Date: 2025-12-04 Optimization: Phase A-2 - Batch Tier Checks (Reduce Atomic Operations) Benchmark: bench_allocators_hakmem --scenario mixed --iterations 100


Executive Summary

RESULT: REGRESSION DETECTED - Optimization does NOT achieve +5-10% improvement

The Batch Tier Checks optimization, designed to reduce atomic operations in the tiny allocation hot path by batching tier checks, shows a -0.87% performance regression with the default batch size (B=64) and -2.30% regression with aggressive batching (B=256).

Key Findings:

  • Throughput: Baseline (B=1) outperforms both B=64 (-0.87%) and B=256 (-2.30%)
  • Cache Performance: B=64 shows -11% cache misses (good), but +0.85% CPU cycles (bad)
  • Consistency: B=256 has best consistency (CV=3.58%), but worst throughput
  • Verdict: The optimization introduces overhead that exceeds the atomic operation savings

Recommendation: DO NOT PROCEED to Phase A-3. Investigate root cause and consider alternative approaches.


Test Configuration

Test Parameters

Benchmark: bench_allocators_hakmem
Workload:  mixed (16B, 512B, 8KB, 128KB, 1KB allocations)
Iterations: 100 per run
Runs per config: 10
Platform: Linux 6.8.0-87-generic, x86-64
Compiler: gcc with -O3 -flto -march=native

Configurations Tested

Config Batch Size Description Atomic Op Reduction
Test A B=1 Baseline (no batching) 0% (every check)
Test B B=64 Optimized (conservative) 98.4% (1 per 64 checks)
Test C B=256 Aggressive (max batching) 99.6% (1 per 256 checks)

Performance Results

Throughput Comparison

Metric Baseline (B=1) Optimized (B=64) Aggressive (B=256)
Average ops/s 1,482,889.9 1,469,952.3 1,448,726.5
Std Dev ops/s 76,386.4 79,114.8 51,886.6
Min ops/s 1,343,540.7 1,359,677.3 1,365,118.3
Max ops/s 1,615,938.8 1,589,416.6 1,543,813.0
CV (%) 5.15% 5.38% 3.58%

Improvement Analysis:

  • B=64 vs B=1: -0.87% (-12,938 ops/s) [REGRESSION]
  • B=256 vs B=1: -2.30% (-34,163 ops/s) [REGRESSION]
  • B=256 vs B=64: -1.44% (-21,226 ops/s)
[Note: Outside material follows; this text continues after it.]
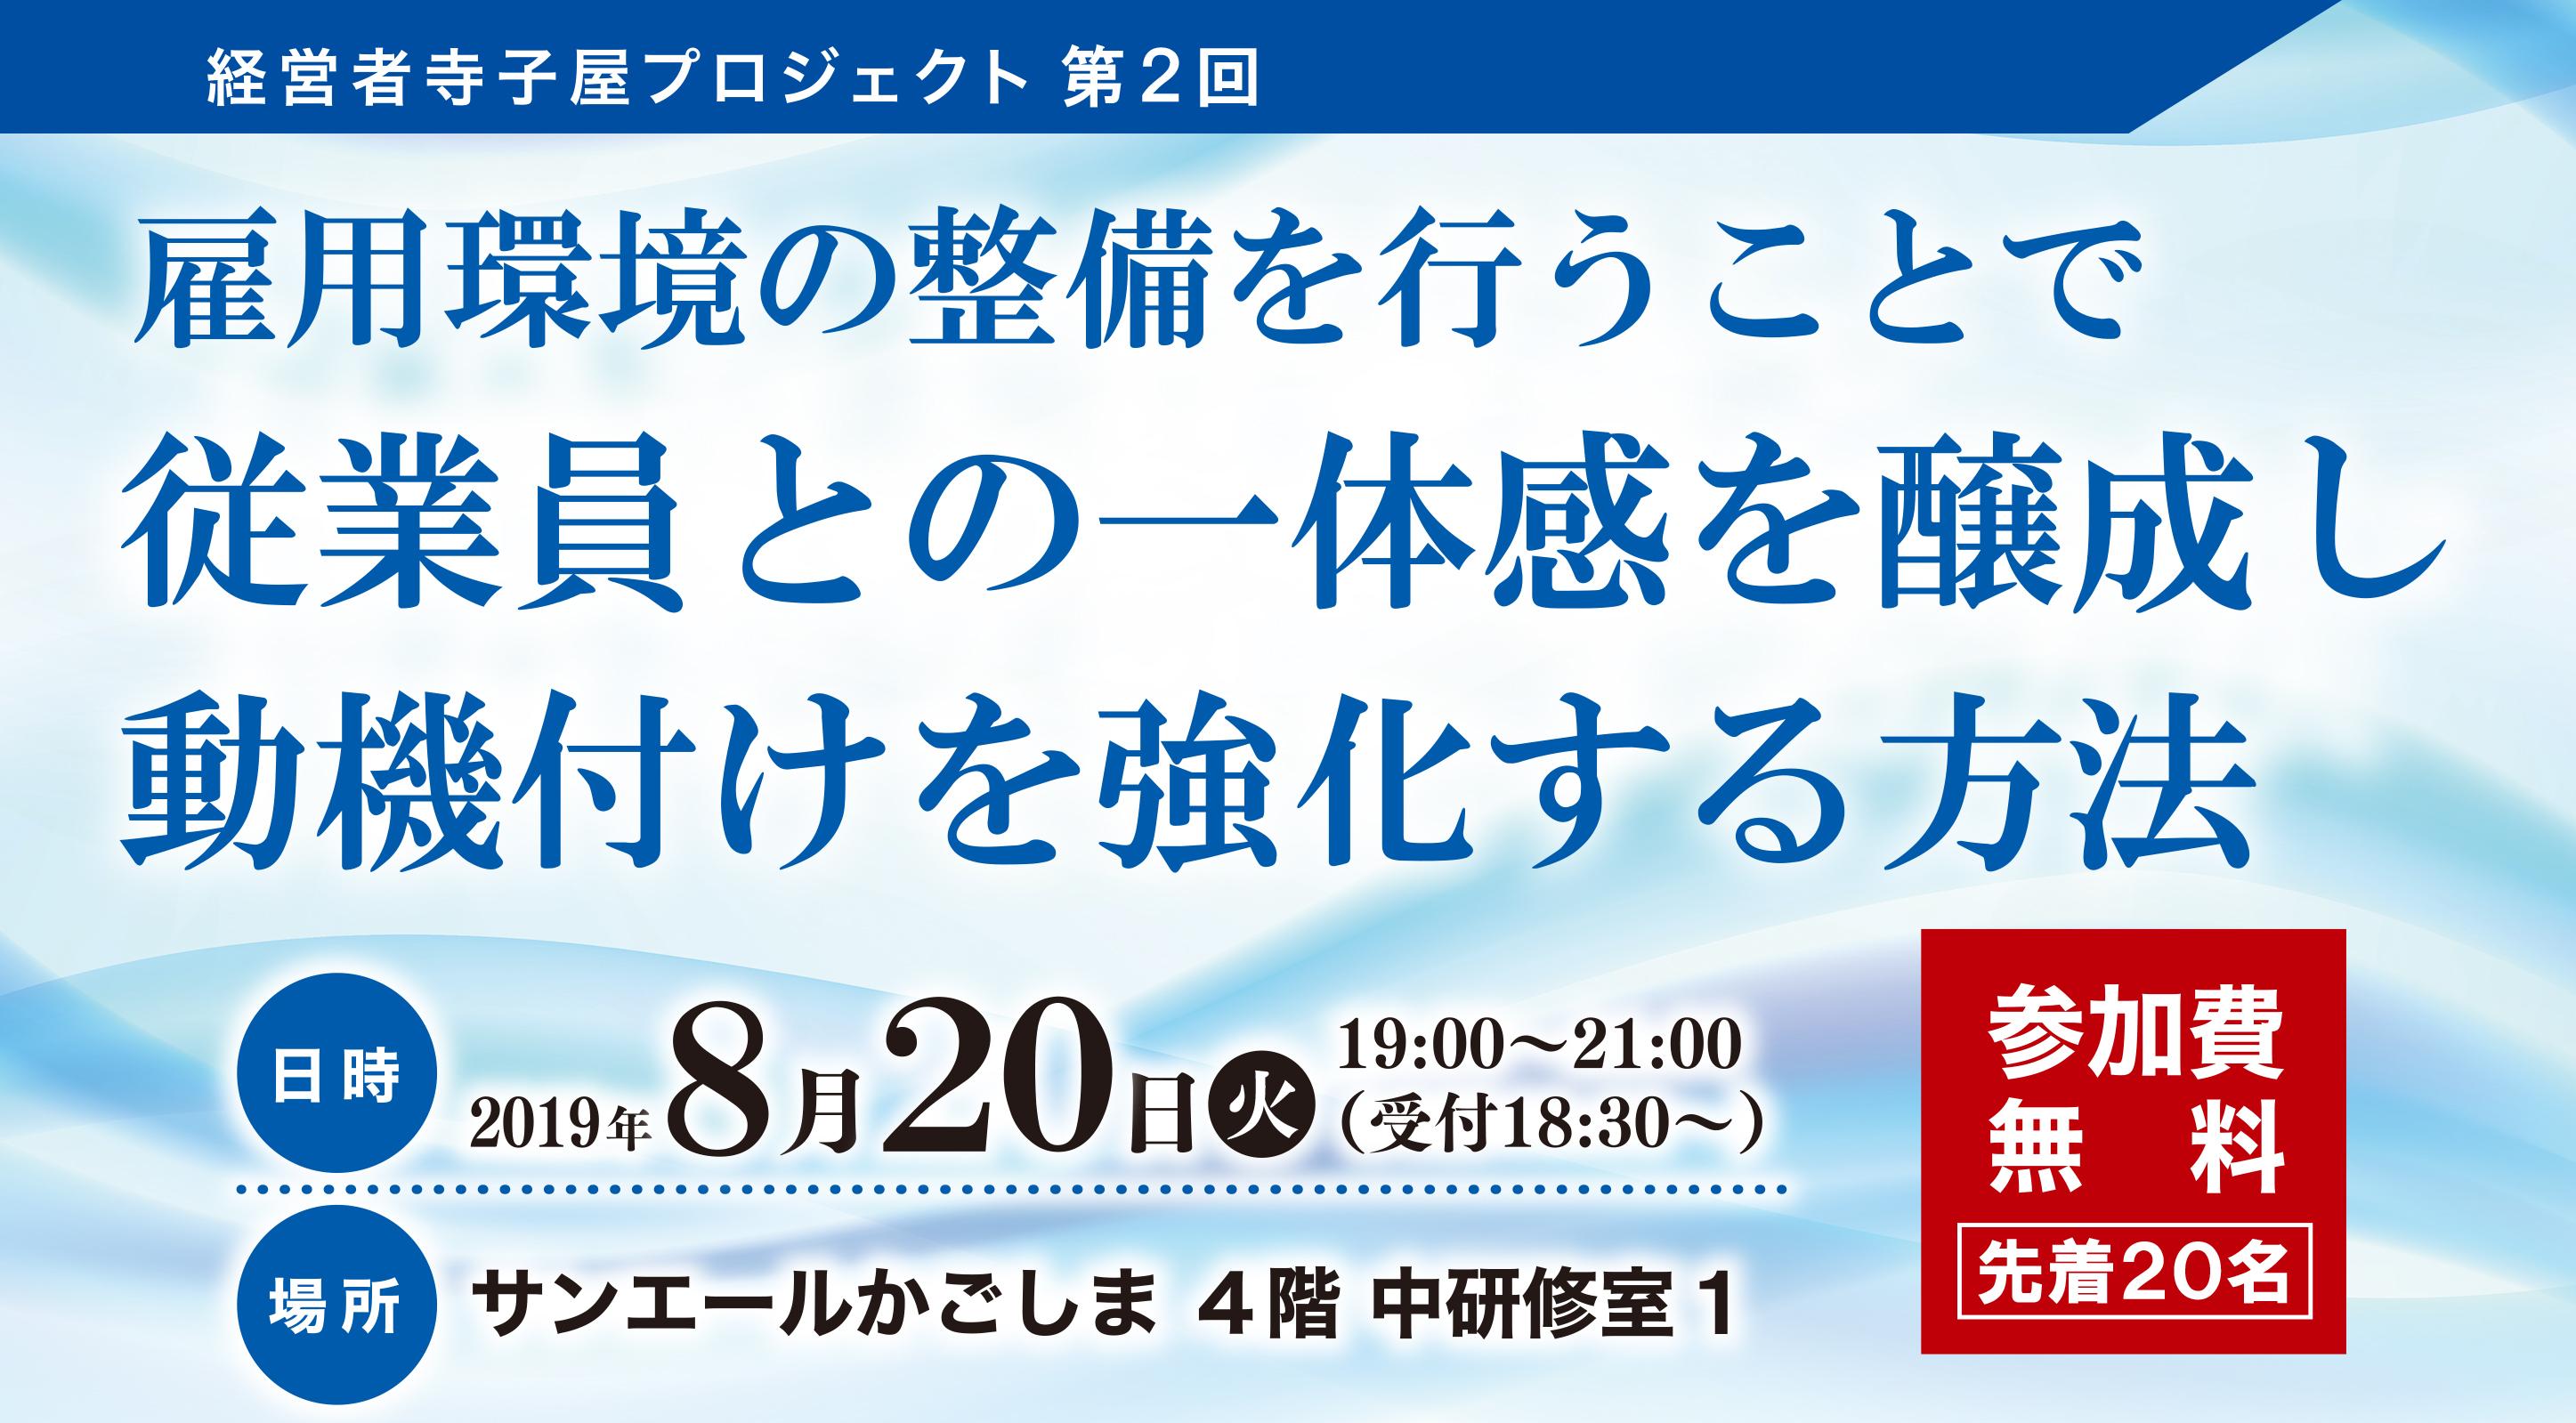 「経営者寺子屋プロジェクト」第2回 開催!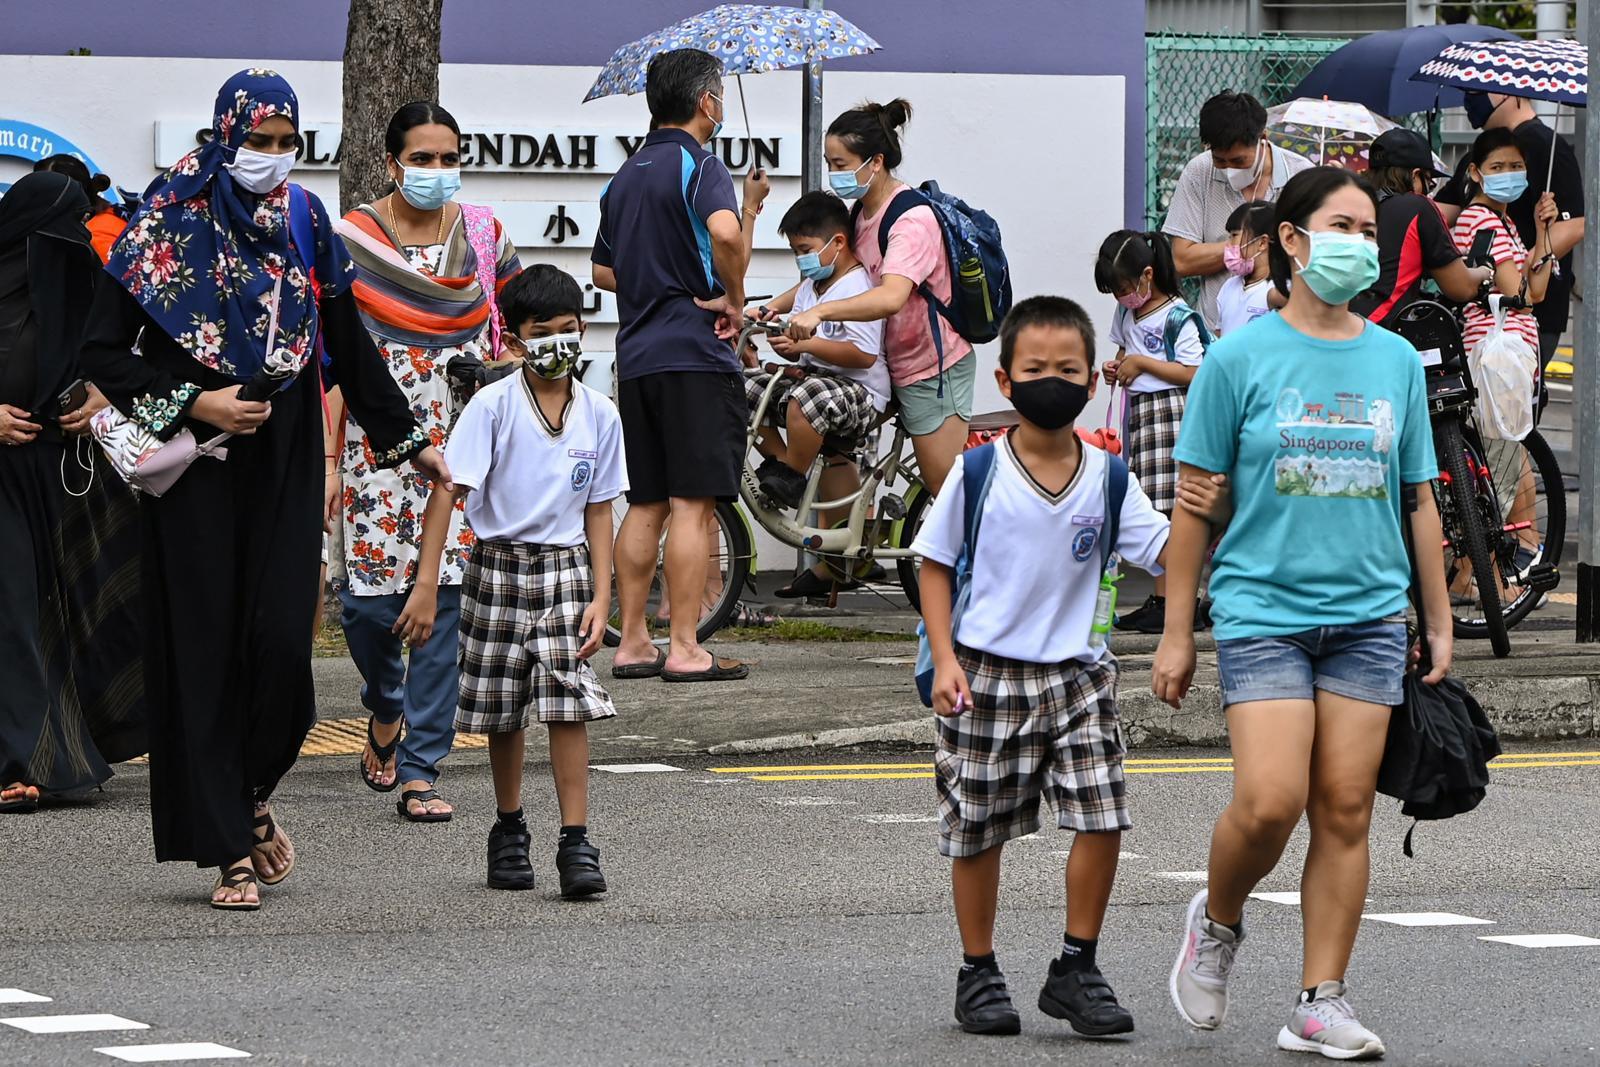 สิงคโปร์ เล็งเปิดเดินทางไม่ต้องกักตัว คาดฉีดวัคซีน ปชช.ครอบคลุม 80% ก.ย.นี้

CPU Cycles & Cache Performance

Metric Baseline (B=1) Optimized (B=64) Aggressive (B=256) B=64 vs B=1 B=256 vs B=1
CPU Cycles 2,349,670,806 2,369,727,585 2,703,167,708 +0.85% +15.04%
Cache Misses 9,672,579 8,605,566 10,100,798 -11.03% +4.43%
L1 Cache Misses 26,465,121 26,297,329 28,928,265 -0.63% +9.31%

Analysis:

  • B=64 reduces cache misses by 11% (expected from fewer atomic ops)
  • However, CPU cycles increase by 0.85% (unexpected - should decrease)
  • B=256 shows severe regression: +15% cycles, +4.4% cache misses
  • L1 cache behavior is mostly neutral for B=64, worse for B=256

Variance & Consistency

Config CV (%) Interpretation
Baseline (B=1) 5.15% Good consistency
Optimized (B=64) 5.38% Slightly worse
Aggressive (B=256) 3.58% Best consistency

Detailed Analysis

1. Why Did the Optimization Fail?

Expected Behavior:

  • Reduce atomic operations from 5% of allocations to 0.08% (64x reduction)
  • Save ~0.2-0.4 cycles per allocation
  • Achieve +5-10% throughput improvement

Actual Behavior:

  • Cache misses decreased by 11% (confirms atomic op reduction)
  • CPU cycles increased by 0.85% (unexpected overhead)
  • Net throughput decreased by 0.87%

Root Cause Hypothesis:

  1. Thread-local state overhead: The batch counter and cached tier result add TLS storage and access overhead

    • g_tier_batch_state[TINY_NUM_CLASSES] is accessed on every cache miss
    • Modulo operation (state->refill_count % batch) may be expensive
    • Branch misprediction on if ((state->refill_count % batch) == 0)
  2. Cache pressure: The batch state array may evict more useful data from cache

    • 8 bytes × 32 classes = 256 bytes of TLS state
    • This competes with actual allocation metadata in L1 cache
  3. False sharing: Multiple threads may access different elements of the same cache line

    • Though TLS mitigates this, the benchmark may have threading effects
  4. Batch size mismatch: B=64 may not align with actual cache miss patterns

    • If cache misses are clustered, batching provides no benefit
    • If cache hits dominate, the batch check is rarely needed

2. Why Is B=256 Even Worse?

The aggressive batching (B=256) shows severe regression (+15% cycles):

  • Longer staleness period: Tier status can be stale for up to 256 operations
  • More allocations from DRAINING SuperSlabs: This causes additional work
  • Increased memory pressure: More operations before discovering SuperSlab is DRAINING

3. Positive Observations

Despite the regression, some aspects worked:

  1. Cache miss reduction: B=64 achieved -11% cache misses (atomic ops were reduced)
  2. Consistency improvement: B=256 has lowest variance (CV=3.58%)
  3. Code correctness: No crashes or correctness issues observed

Success Criteria Checklist

Criterion Expected Actual Status
B=64 shows +5-10% improvement +5-10% -0.87% FAIL
Cycles reduced as expected -5% +0.85% FAIL
Cache behavior improves or neutral Neutral -11% misses (good), but +0.85% cycles (bad) MIXED
Variance acceptable (<15%) <15% 5.38% PASS
No correctness issues None None PASS

Overall: FAIL - Optimization does not achieve expected improvement


Comparison: JSON Workload (Invalid Baseline)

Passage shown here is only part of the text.